15 Aug 2021

Foreign Affairs considers how to help NZers in Afghanistan as cities fall to Taliban

4:42 pm on 15 August 2021

The foreign affairs Ministry (MFAT) is looking into how to help New Zealanders who are in Afghanistan as more cities fall under control of the Taliban.

A Taliban fighter holds a rocket-propelled grenade (RPG) along the roadside in Herat, Afghanistan's third biggest city, after government forces pulled out the day before following weeks of being under siege. (Photo by - / AFP)

The Taliban now controls much of Afghanistan, pictured a Taliban fighter with a rocket-propelled grenade in Herat. Photo: AFP

New Zealand does not have diplomatic staff in Afghanistan, but the Government said 17 New Zealanders have registered as living there, though there may be others who have not registered.

More than half of the country has now been captured by Taliban fighters, including most regional capitals, as US-led forces leave the country.

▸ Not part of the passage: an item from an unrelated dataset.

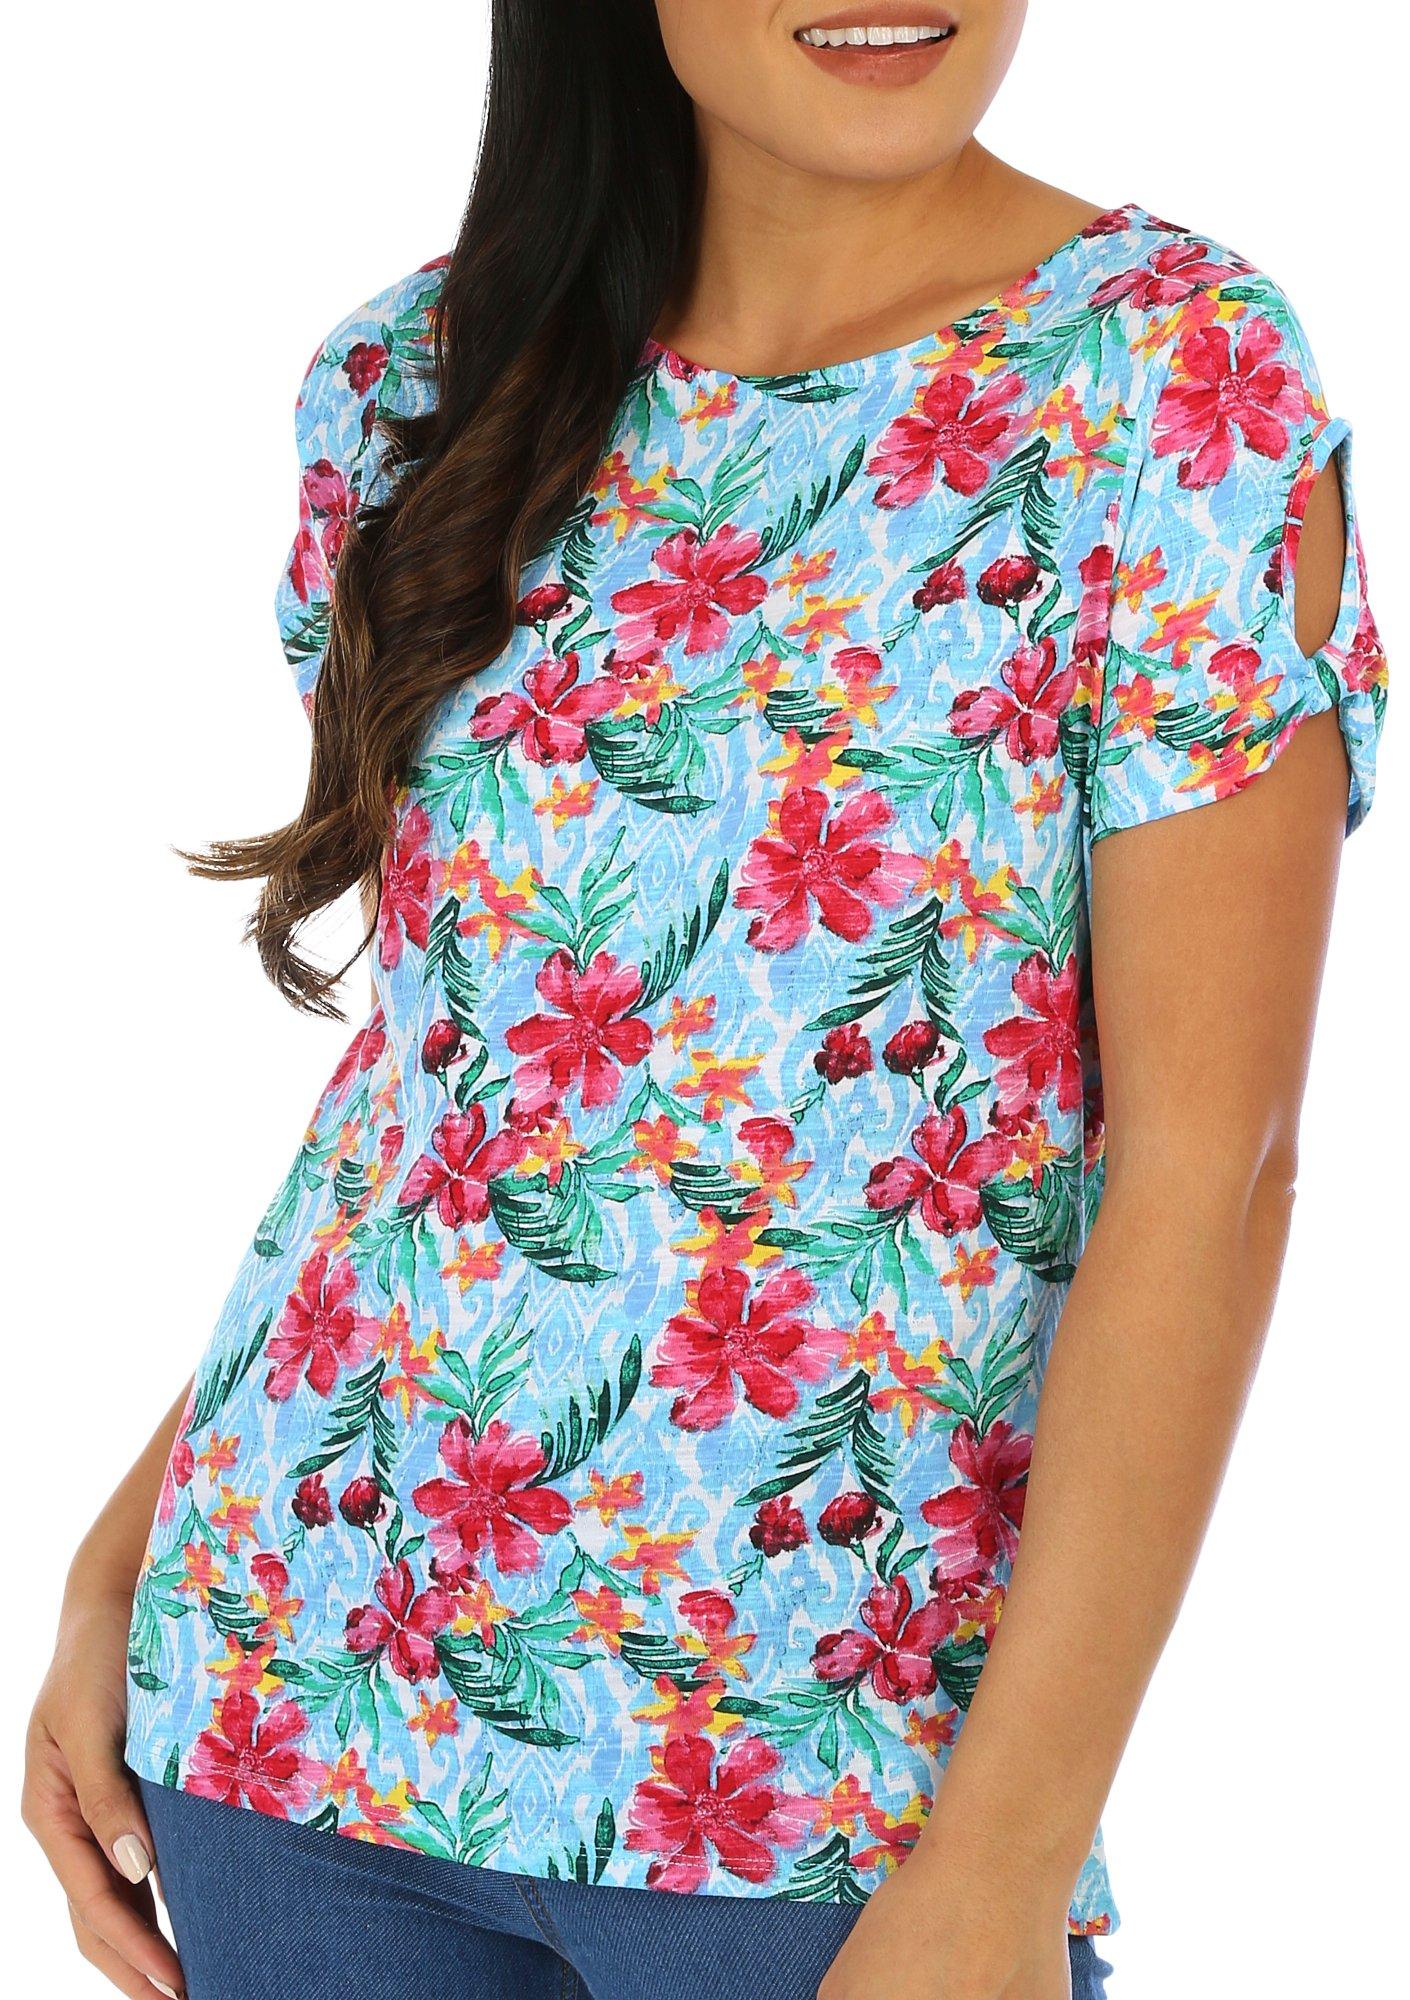 Womens Tropical Print Short Sleeve Top

Taliban fighters are moving closer to the capital Kabul, and have just captured Mazar-i-Sharif, the last major city in northern Afghanistan which was an anti-Taliban bastion and had been under government control.

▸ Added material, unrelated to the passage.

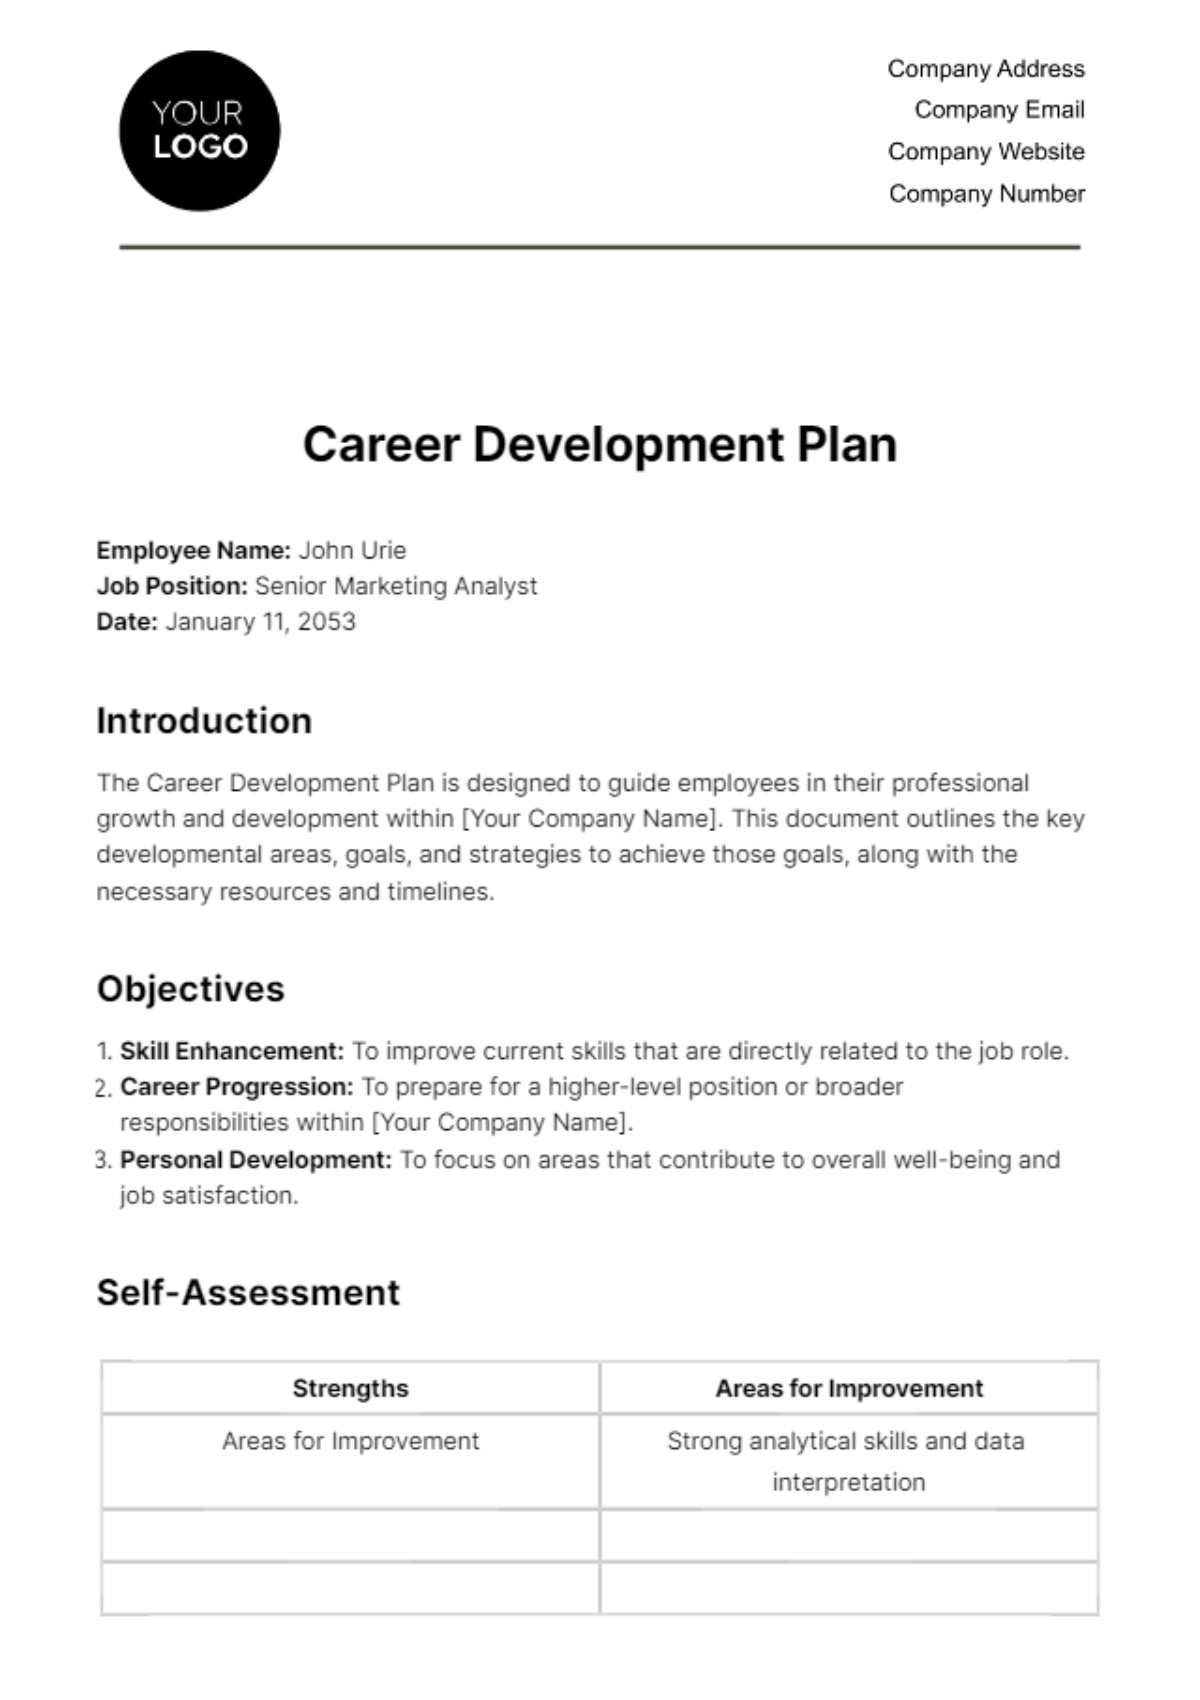 Career Development Plan HR Template

Hundreds of thousands of people have been displaced, and western countries are scrambling to make plans to evacuate their citizens.

MFAT said it was crucial New Zealanders in Afghanistan registered with them at safetravel.govt.nz, and update them if their plans change or they are able to leave the country.

It was "exploring options" to assist those in Afghanistan, including by helping secure commercial flights for those who want to leave.

They were also talking with other governments whose citizens are trying to leave.

The Australian government has plans to send RAAF airplanes to bring diplomatic staff home, as well as interpreters and contractors who served alongside their troops.

Their planes are expected to arrive in Kabul as early as this week to begin the evacuation, that will be coordinated with the arrival of US and British security forces.

US President Joe Biden has faced international and domestic criticism for America's hasty retreat from Afghanistan, with British defence secretary Ben Wallace saying it risked returning the war-torn country to a breeding ground for terrorism.

The Taliban's breakneck advance towards Kabul has forced a rethink from the US on its continued diplomatic presence in Afghanistan.

The US will deploy 3000 troops to secure evacuations of US embassy staff from Kabul's green zone. Britain will do the same, sending about 600 troops on a short-term mission, and Canada will dispatch special force soldiers.